Now the next bit blew my little mind...

"Conventional Technical Analysis would suggest you should not sell short at “B” because there is so much trading activity below which will make a price decline challenging. Many traders would look at all that trading activity in the circled area and not sell short at “B” because they would not think price could fall through that area. Again, to me, the focus and understanding is way off. The fact that there was/is so much trading activity in that circled area/congestion areas tells me price is very likely to fall through that level and should do so with ease. (because supply and demand were at an equilibrium If supply and demand were really that much out of balance in that area, you would not have so much trading activity. Price proceeded to fall through that area after “B” which was expected if your focused on the right logic. In summary, the major price turns in a market don’t typically happen at price levels where there is lots of trading activity, it’s the opposite. When looking for this on a price chart, don’t focus on levels surrounded by lots of pretty candles. The focus should be on price action mainly surrounded by white space".

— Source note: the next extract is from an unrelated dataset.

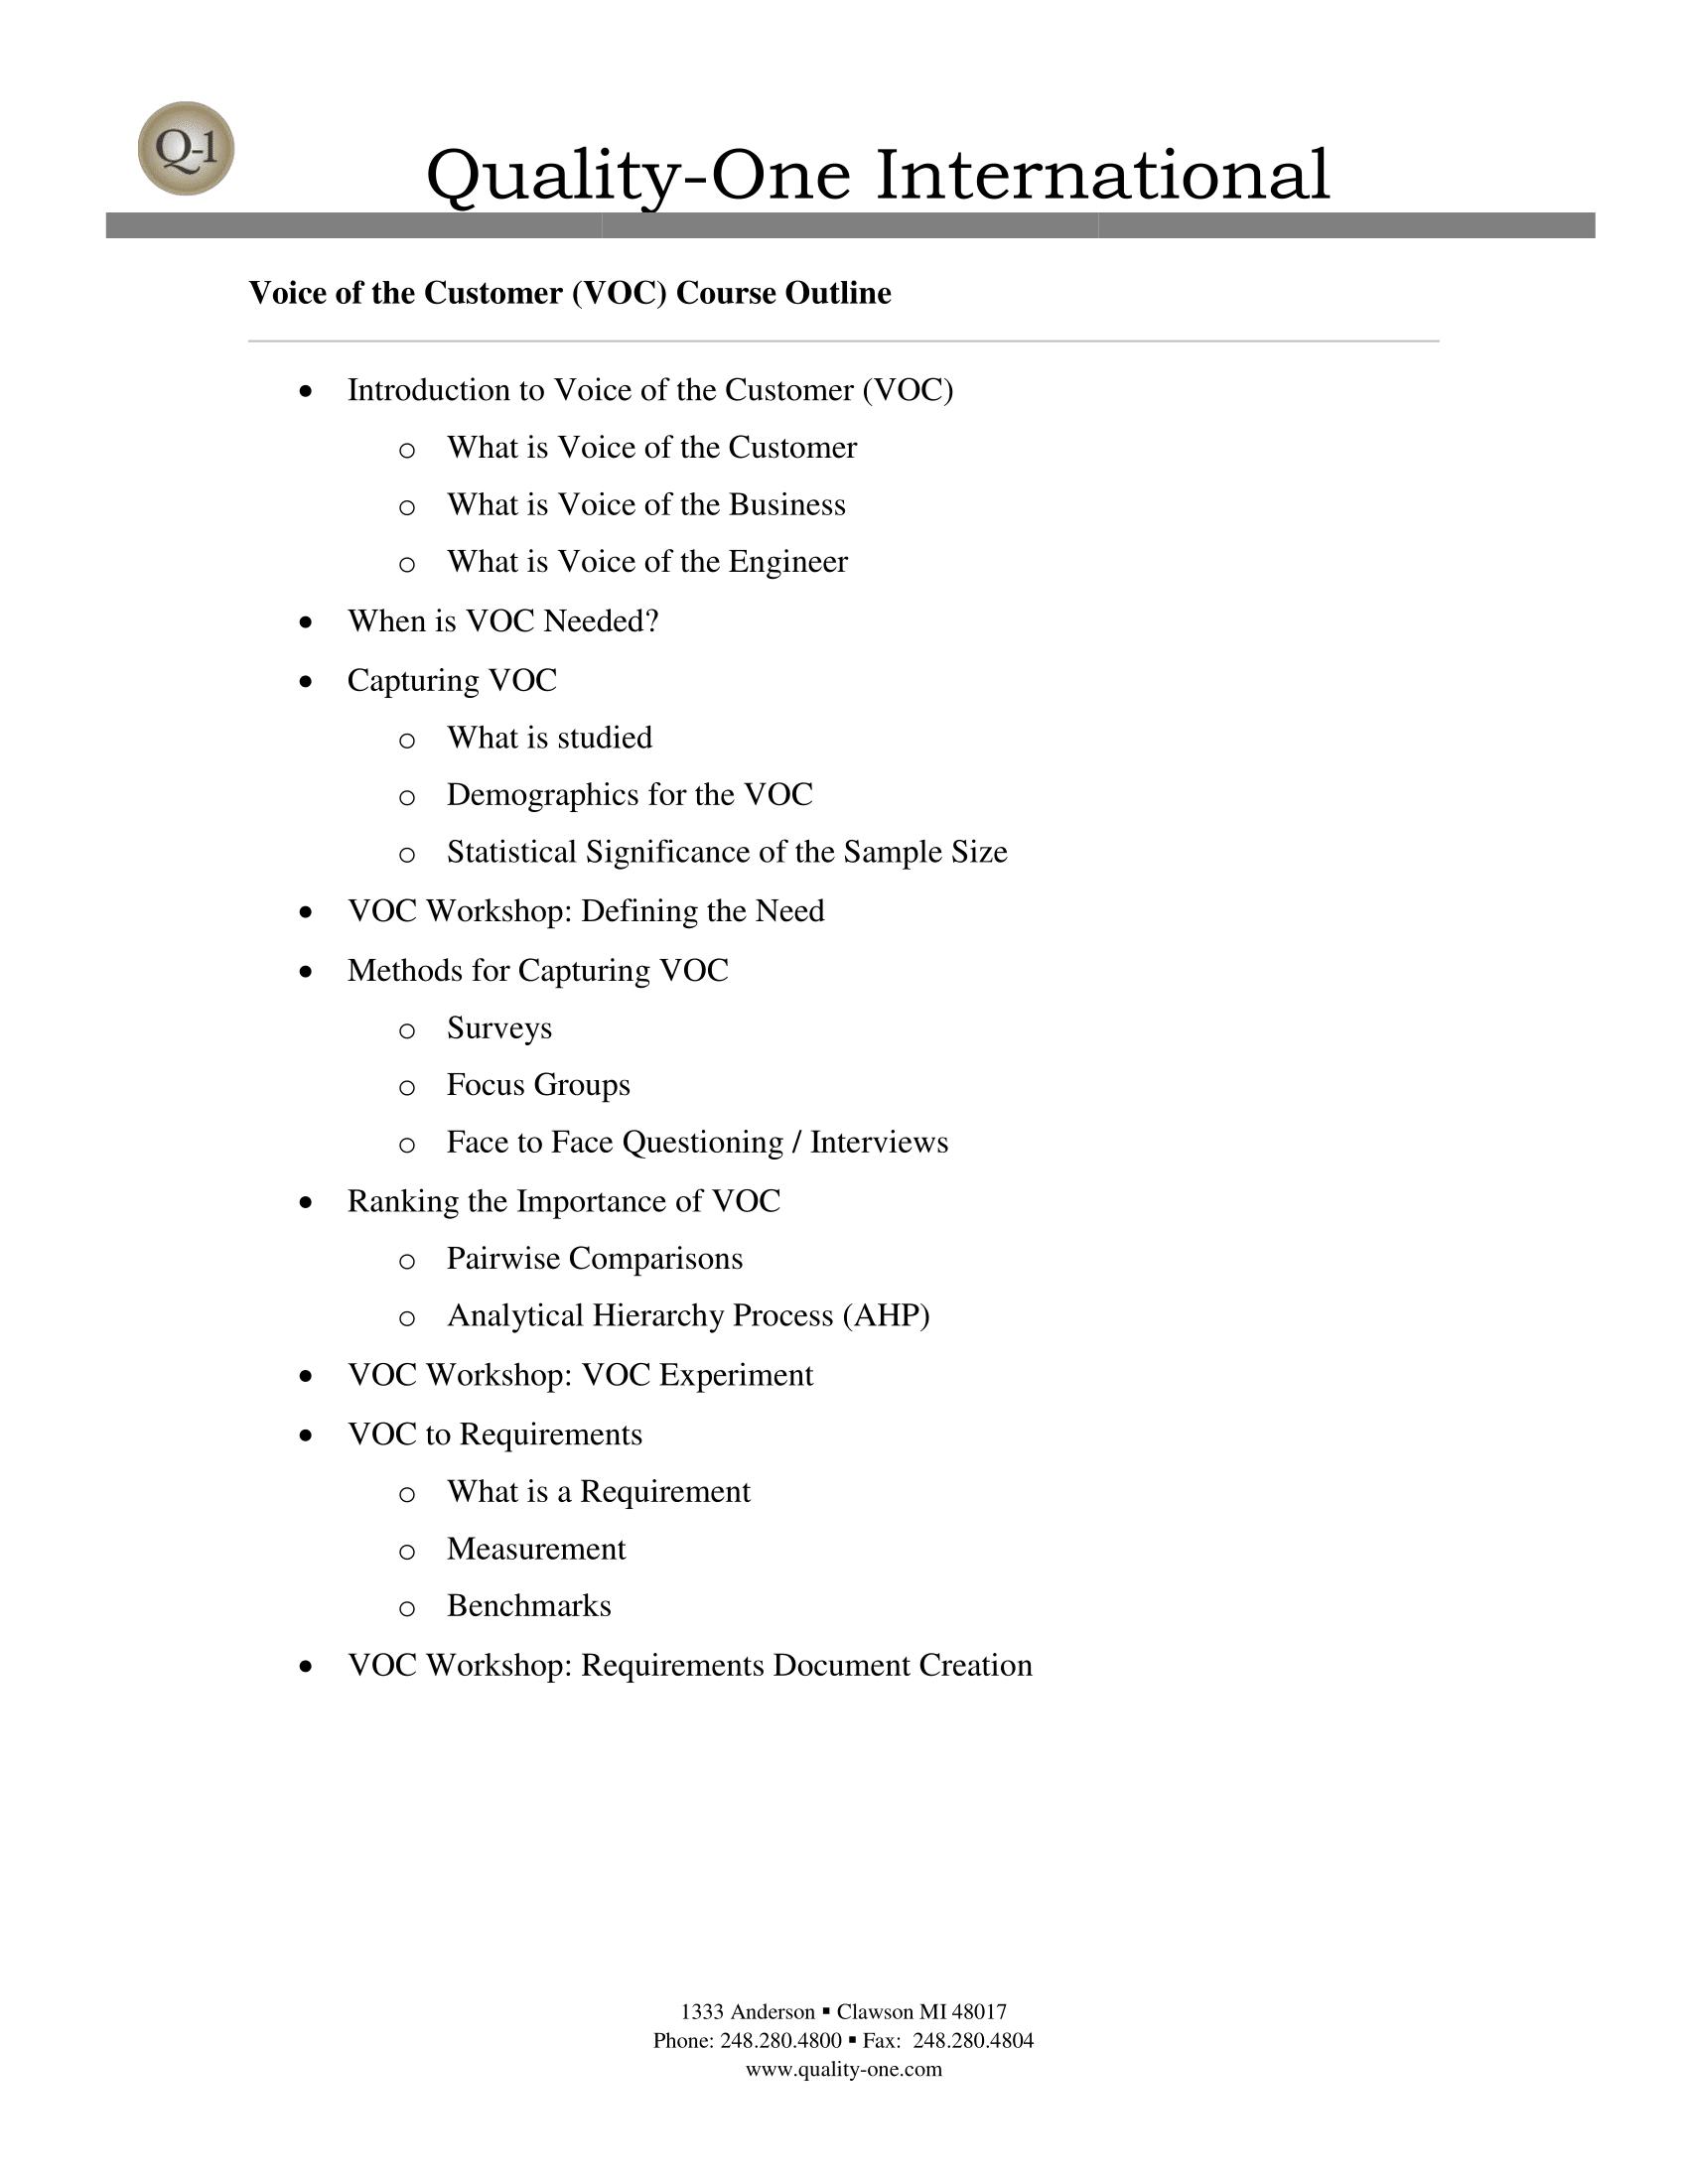 VOC Training Course Outline

The bolded bit are the important bits for me, the bracketed bits are explanations I've added for myself because for some reason I was struggling with the definition a little.
_______________________________________________________________________________

"Naked Forex" Notes

The bits highlighted in green are the things that are either integral to these guys method or that I have found most useful...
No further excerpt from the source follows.